Lords vote in favour of capping interest rates for mortgage prisoners

The cap would apply to borrowers who are unable to switch lender and whose mortgage is owned by an inactive or unregulated business.

Lords vote in favour of capping interest rates for mortgage prisoners

The House of Lords has voted in favour of an amendment to the Financial Services Bill, which could see interest rates capped for some mortgage prisoners.

 

However, the House of Commons must approve the change before it can take force.

The cap would apply to borrowers who are unable to switch lender and whose mortgage is owned by an inactive or unregulated business.

The Lords voted 273 to 235 in favour of keeping the amendment, and the bill will now return to the House of Commons.

Martin Lewis, founder of MoneySavingExpert.com, said: "I am delighted that the Lords has seen the injustice that has been heaped on 100,000s of mortgage prisoners.

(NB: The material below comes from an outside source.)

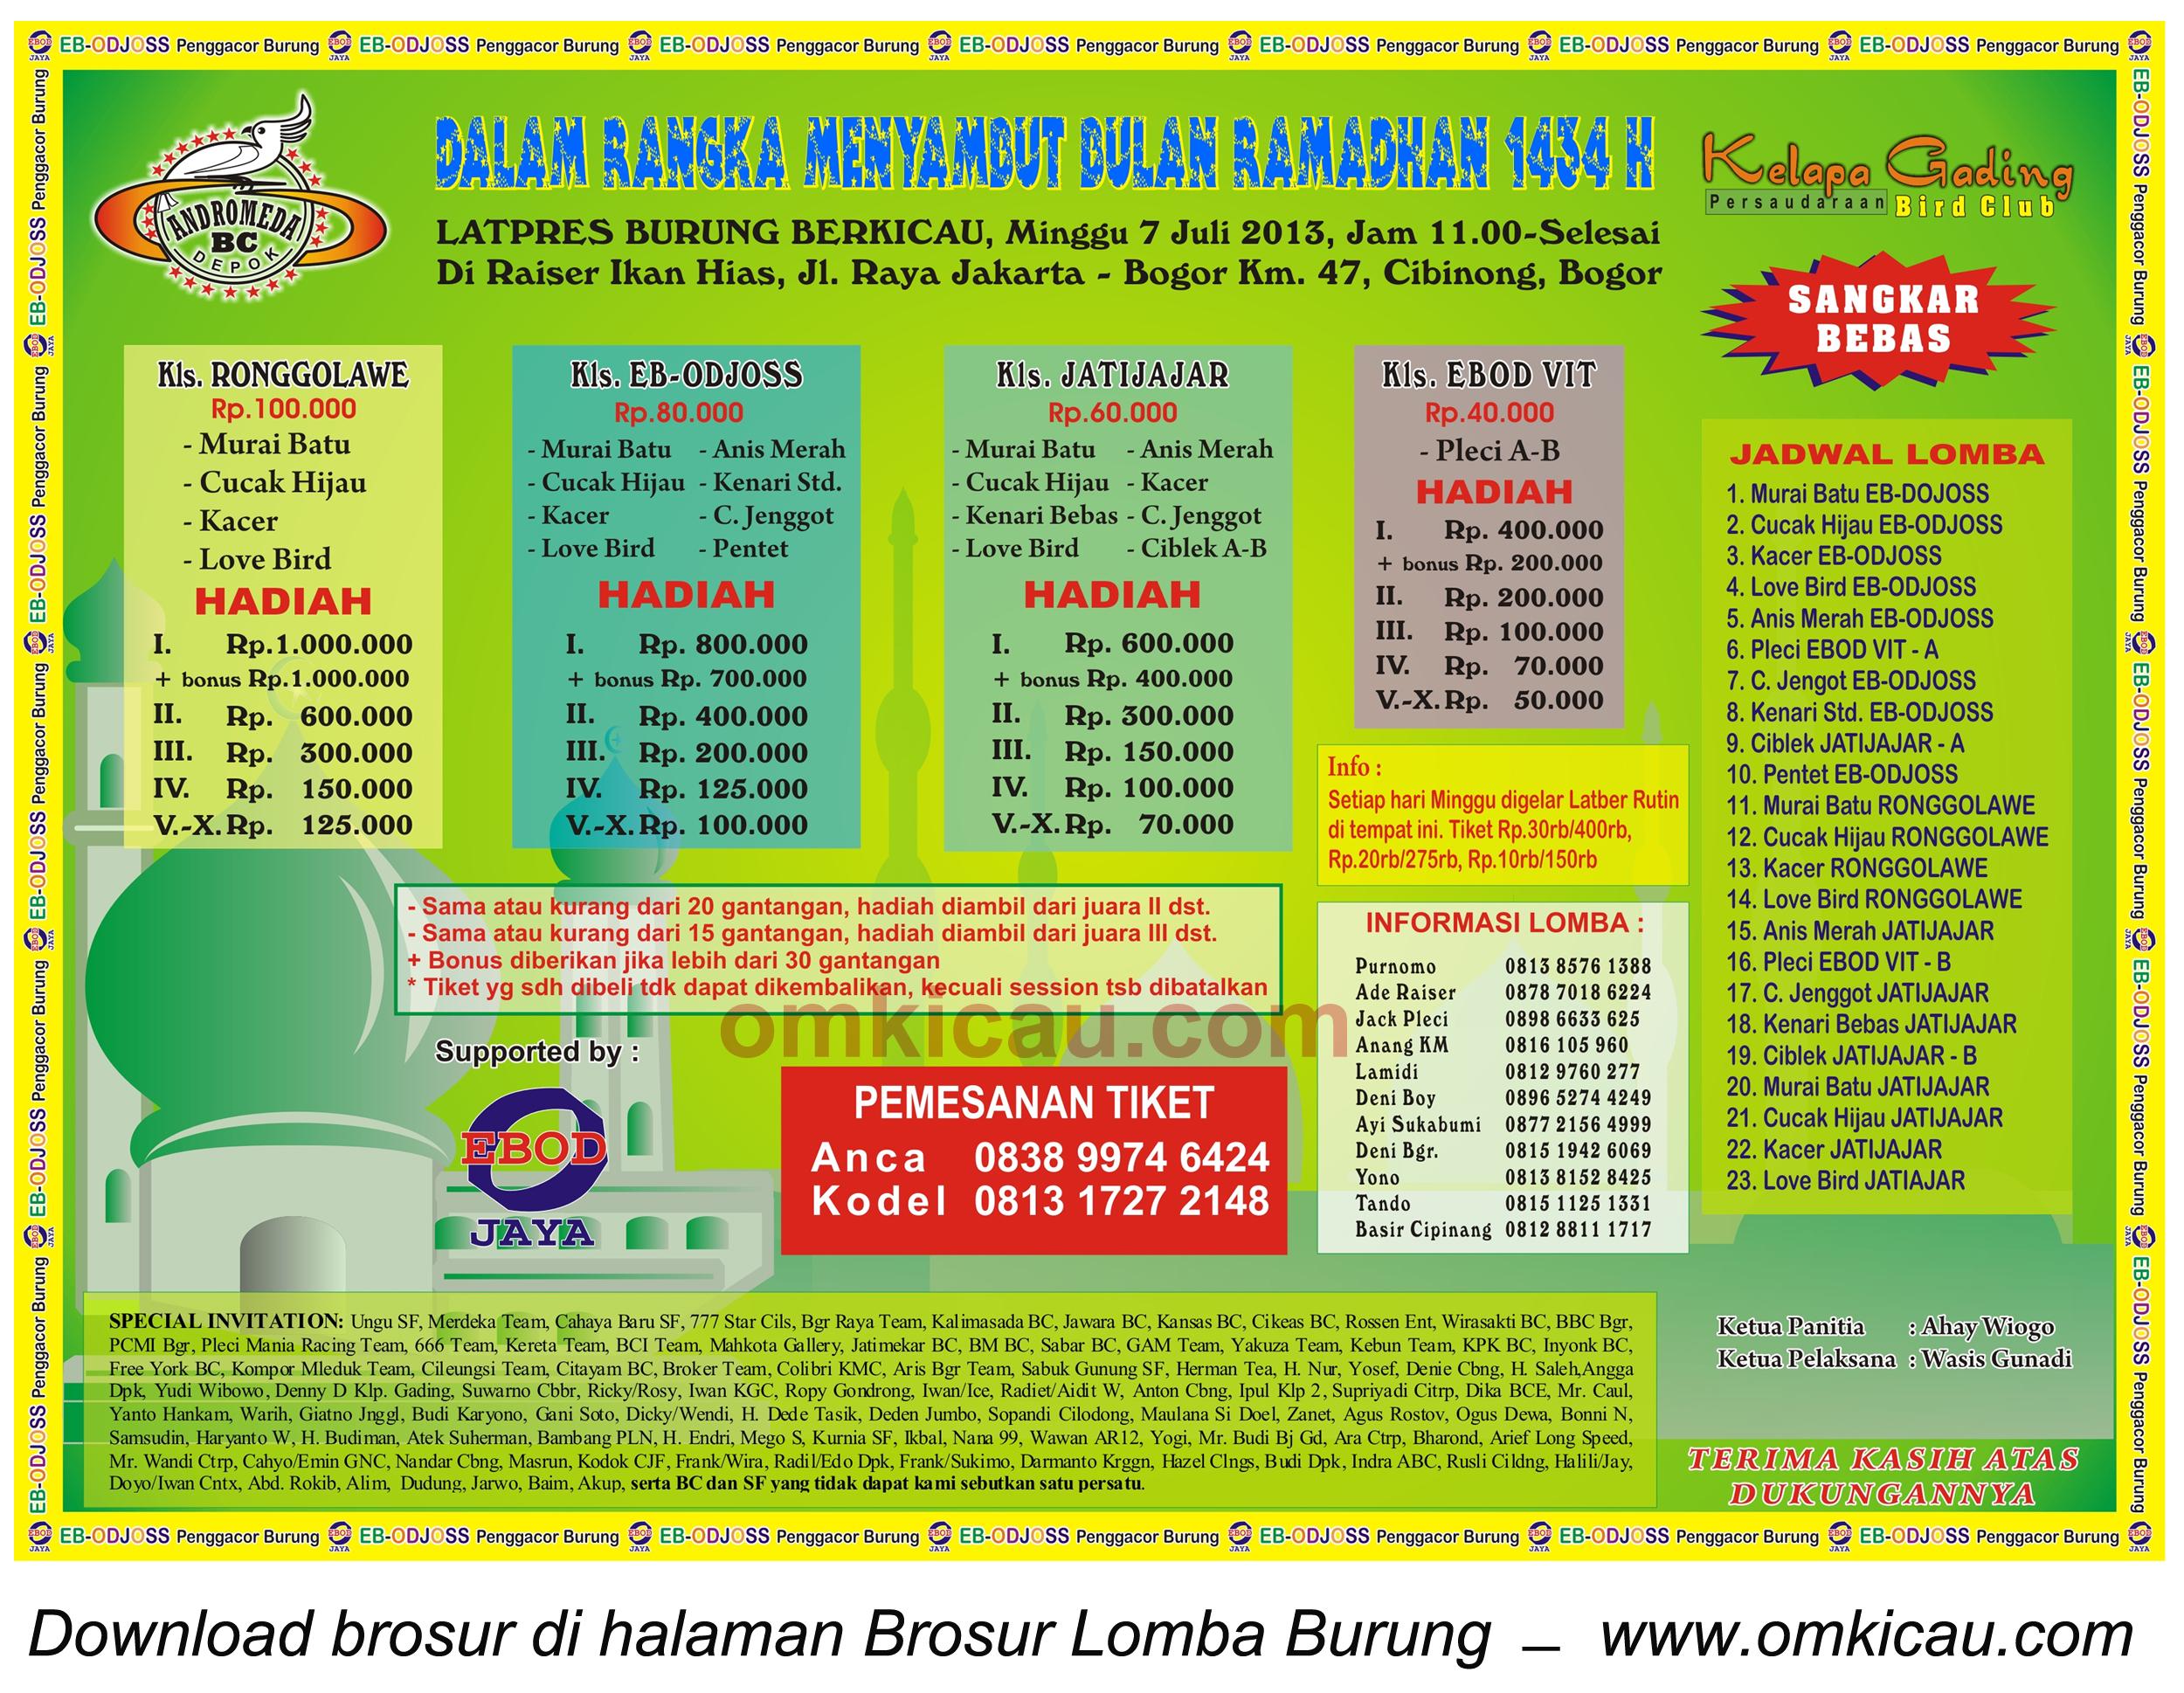 Brosur Latpres Burung Berkicau, Cibinong-Bogor, 7 Juli 2013

“While the government chose to bail out the banks in the financial crisis, it has never bailed out the banks' customers who were victims of that collapse.

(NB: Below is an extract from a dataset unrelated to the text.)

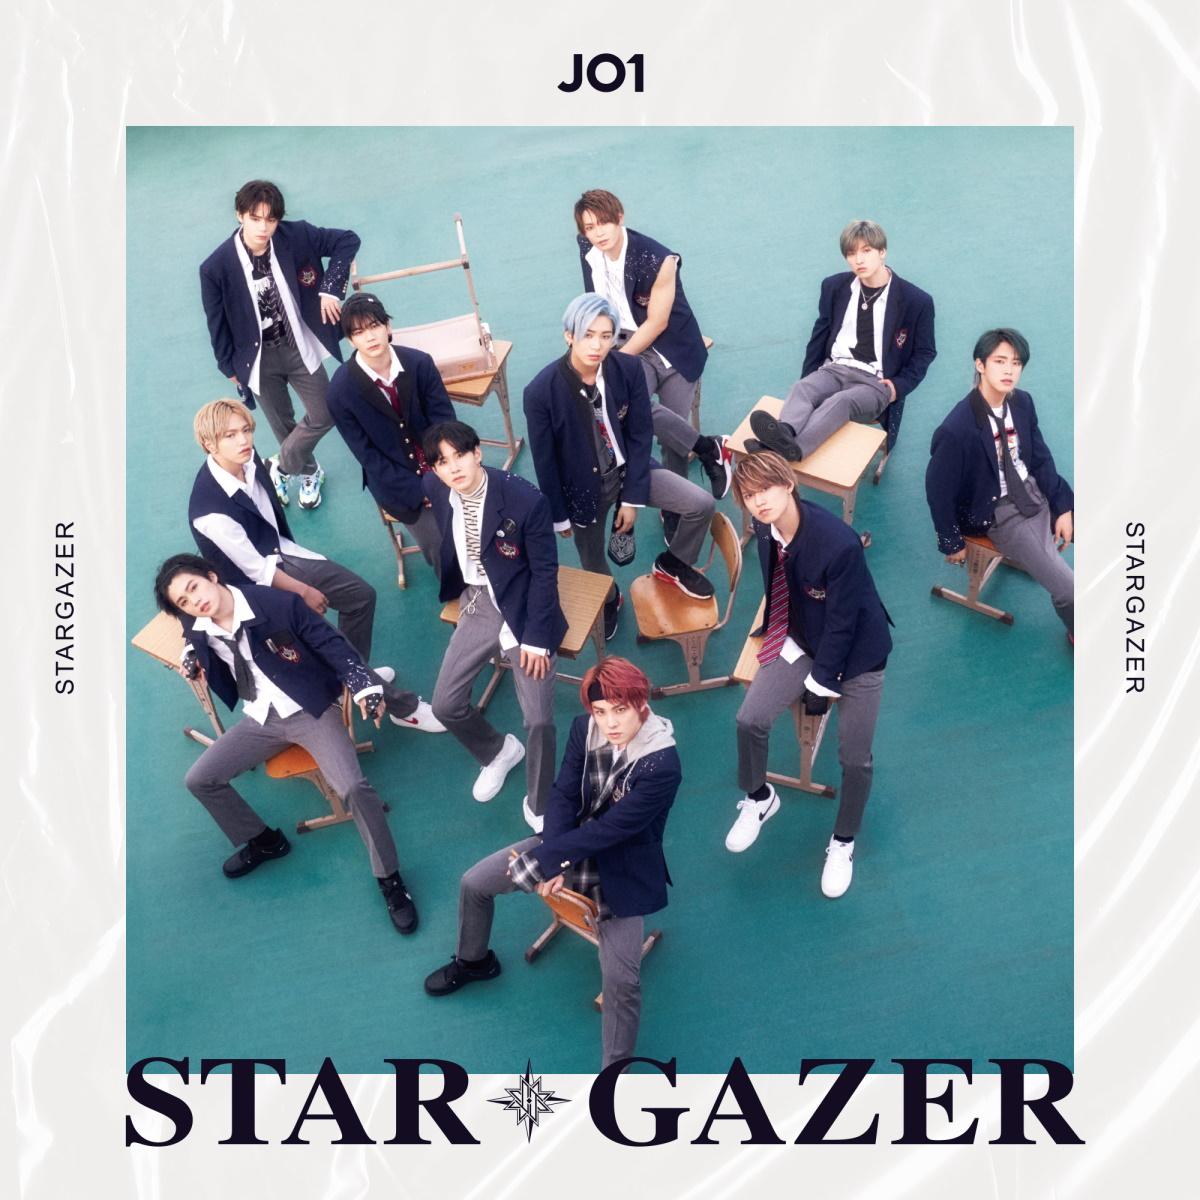 『JO1 - Voice (君の声) 歌詞』収録の『STARGAZER』ジャケット

“Mortgage prisoners have been left paying obscene interest rates for over a decade, through no fault of their own.

"They have been completely trapped in their mortgages and unable to escape the financial misery this causes.

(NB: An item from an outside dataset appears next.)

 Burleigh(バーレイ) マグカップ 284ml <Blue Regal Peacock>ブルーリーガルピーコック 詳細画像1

“Coupled with the devastating impact of the pandemic on people's finances, the vote from the Lords is right to push for urgent action to prevent the situation from becoming catastrophic.

"The independent LSE report I funded has a cogent argument as to why an SVR cap isn't a balanced long-term solution.

“But in lieu of anything else, I believe for those on closed-book mortgages it is a good stopgap while other detailed solutions are worked up – so this vote is an important move.

"And while it will be tough to get the Commons to enact it against government wishes, at the very least it ramps up the pressure on the government to come up with alternative solutions, at speed, which Rishi Sunak promised me, on the record, that he would do."